Dataproc apache iceberg: iceberg is not a valid Spark SQL Data Source

770 views

Skip to first unread message

Punyawee Posri

unread,

May 16, 2023, 1:54:55 AM5/16/23

to Google Cloud Dataproc Discussions

Hi Google Cloud Dataproc Team!

I'm now trying to use apache iceberg for my nestjs project to speed up our database query on some of our features. So, I've been try to test the query speed of apache iceberg on ssh (Google Dataproc).
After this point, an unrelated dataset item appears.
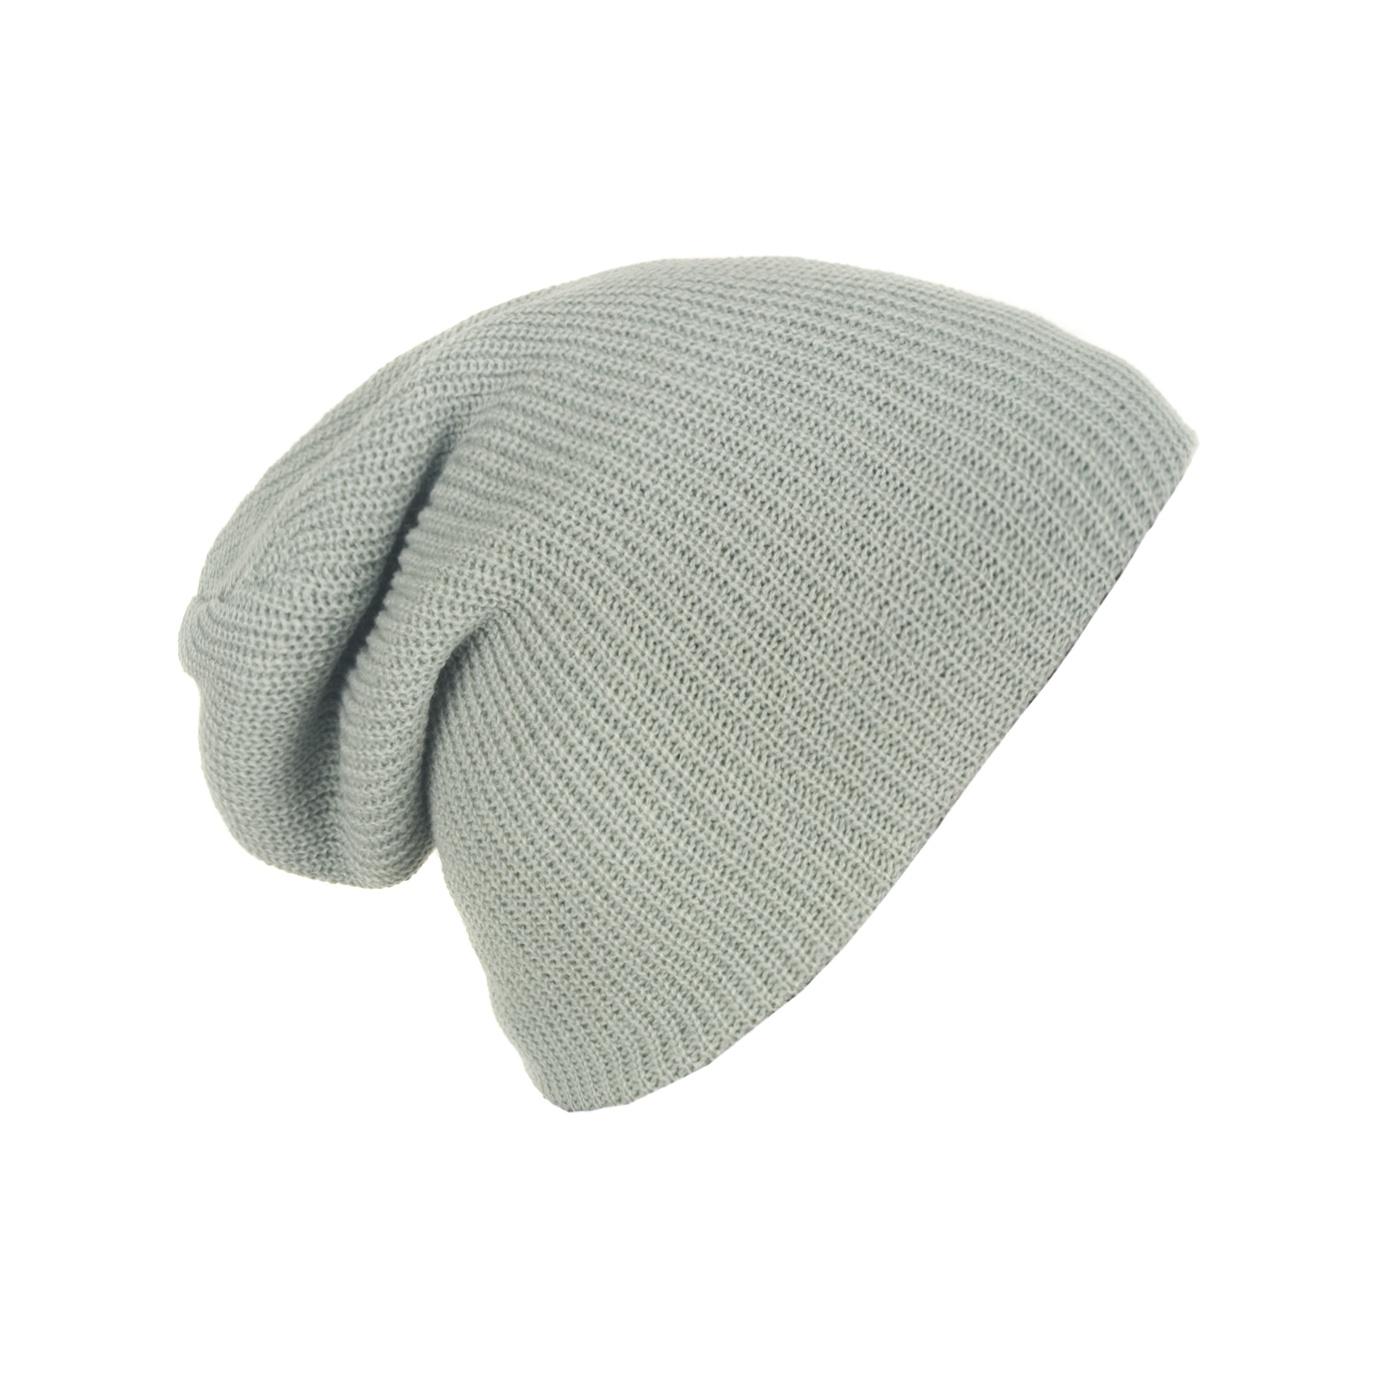 Męska czapka beanie w prążki 3w1 - popielata szara

But I'm now facing an issue while using apache iceberg on spark via google dataproc ssh.

What I've done for now?

I've already create a dataproc cluster follow by an official document from google as described here https://cloud.google.com/dataproc-metastore/docs/apache-iceberg
I've already connect to vm-instance through the ssh connection
I've completed the configuration of a spark-shell (follow by an official document from google) and also for spark-sql follow by an official document from an iceberg as described here https://iceberg.apache.org/docs/latest/getting-started/)
Finally, I've found that the configuration that worked for me was
spark-sql --packages org.apache.iceberg:iceberg-spark-runtime-3.3_2.12:1.0.0
With the package configuration on step 4, it made my table creation process worked completely.
But when I've tried to just SELECT * FROM {my created table with 'USING iceberg'}, It gave me an error
java.util.concurrent.ExecutionException: org.apache.spark.sql.AnalysisException: iceberg is not a valid Spark SQL Data Source

*** My questions are...

What I've missed here?
Is it the right way to use apache iceberg as a new database instead of postgresql on my nestjs project?

*** PS:

I've been tried to recheck with SELECT * FROM {another created table without 'USING iceberg'} then everything works fine.
With this error (java.util.concurrent.ExecutionException: org.apache.spark.sql.AnalysisException: iceberg is not a valid Spark SQL Data Source) I've try to use a new catalog name as discussed here https://github.com/apache/iceberg/issues/1756. But all of the answer within the forum seems not to work for me.
For example:
- use SELECT * FROM local.default.{myCreatedTable}
- use SELECT * FROM default.{myCreatedTable}
- use SELECT * FROM {myCreatedTable}